I think it should be the opposite. Why? Everybody that has a different tab size will see text that is screwed up in the case of mixed tabs/spaces. Still in the 21st century there is a lot of files using tabs and spaces mixed together and still everybody prefers a different meaning of a tab in terms of spaces. This looks awful and the only way out it not using tabs from my point of view.
Well, "tab" and "4 spaces" are not the same thing, actually tab has no "meaning in terms of spaces" at all. The meaning of a tab is "indent one level". This may
visually appear to be the same as 4 or 8 spaces, or it may look like 5.35 spaces, or any other possible value. In any case, it does not have any such meaning.
Quite bluntly said, you want to forfeit the semantically correct thing in all your sources even though you know it's wrong because there are some people on this planet who are too stupid to do it right in
their sources. That doesn't seem like a good solution to me
But well, I guess it depends on what you do and what/who you have to work with.

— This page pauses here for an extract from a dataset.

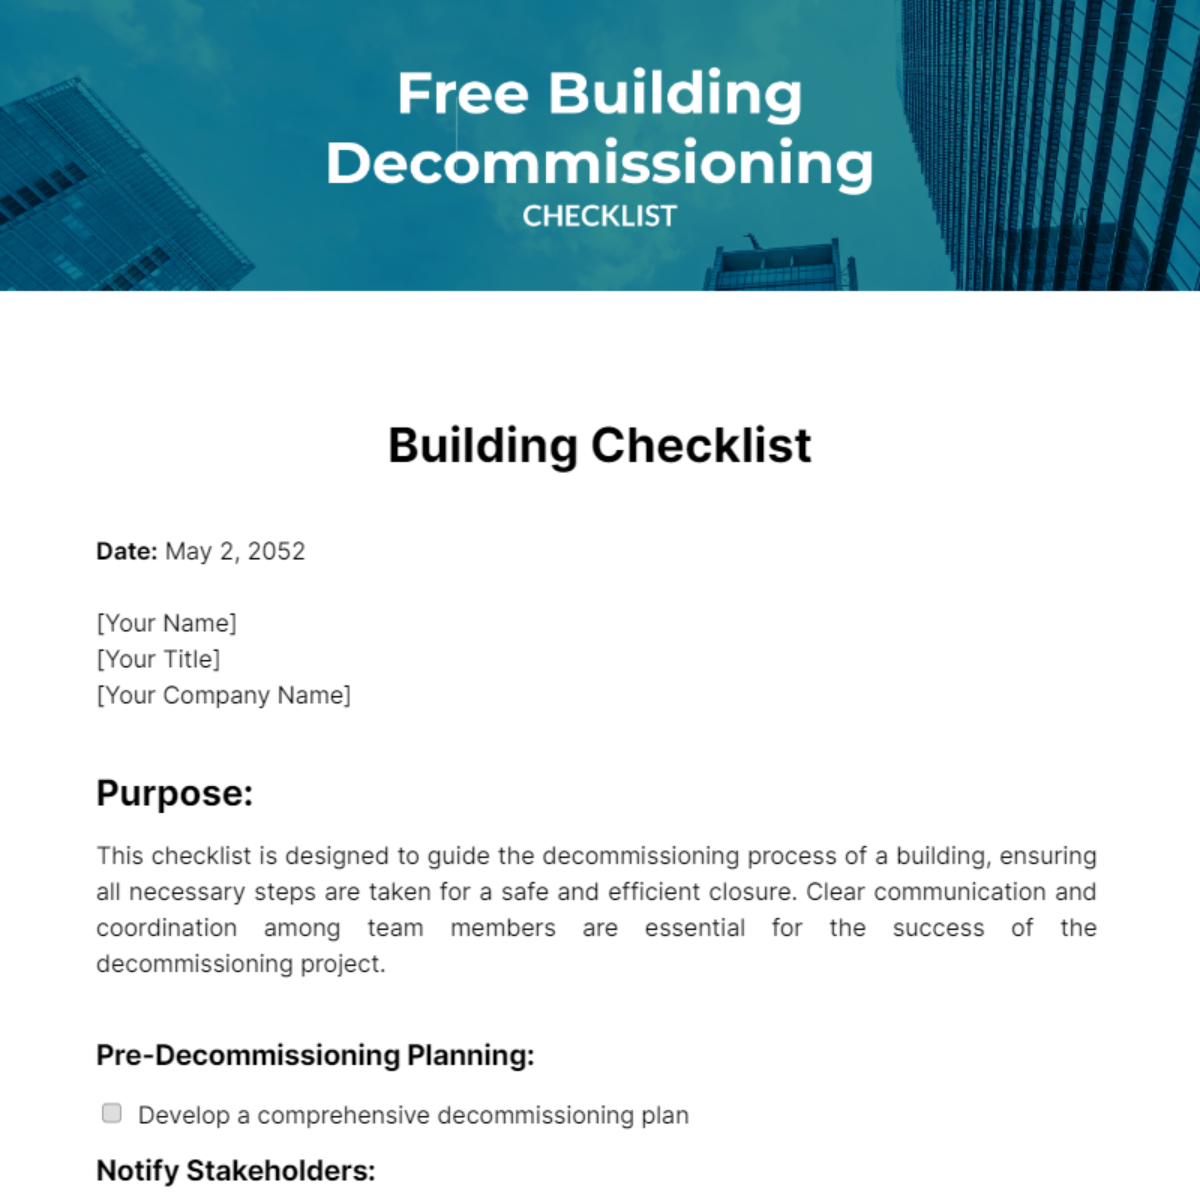 Free Building Decommissioning Checklist Template

It is just my belief that supporting wrong behaviour is not going to change it, not in the 21st and not in the 22nd century.
Can explain?
If you create a source file under Windows and later edit it under Linux (and maybe under Windows again), you will have a source file of which some lines have CRLF and some have LF. Similar problems occur with Mac.
This doesn't matter a lot for you at first sight, since there is no visual difference in the editor. However, under some conditions, the results may be undesirable -- most notably, Subversion will fail to accept your file if you try to commit it.
If "consistent line endings" is turned on, the editor will make sure all endings are the same. If they are the same anyway, nothing is done, so there is no harm.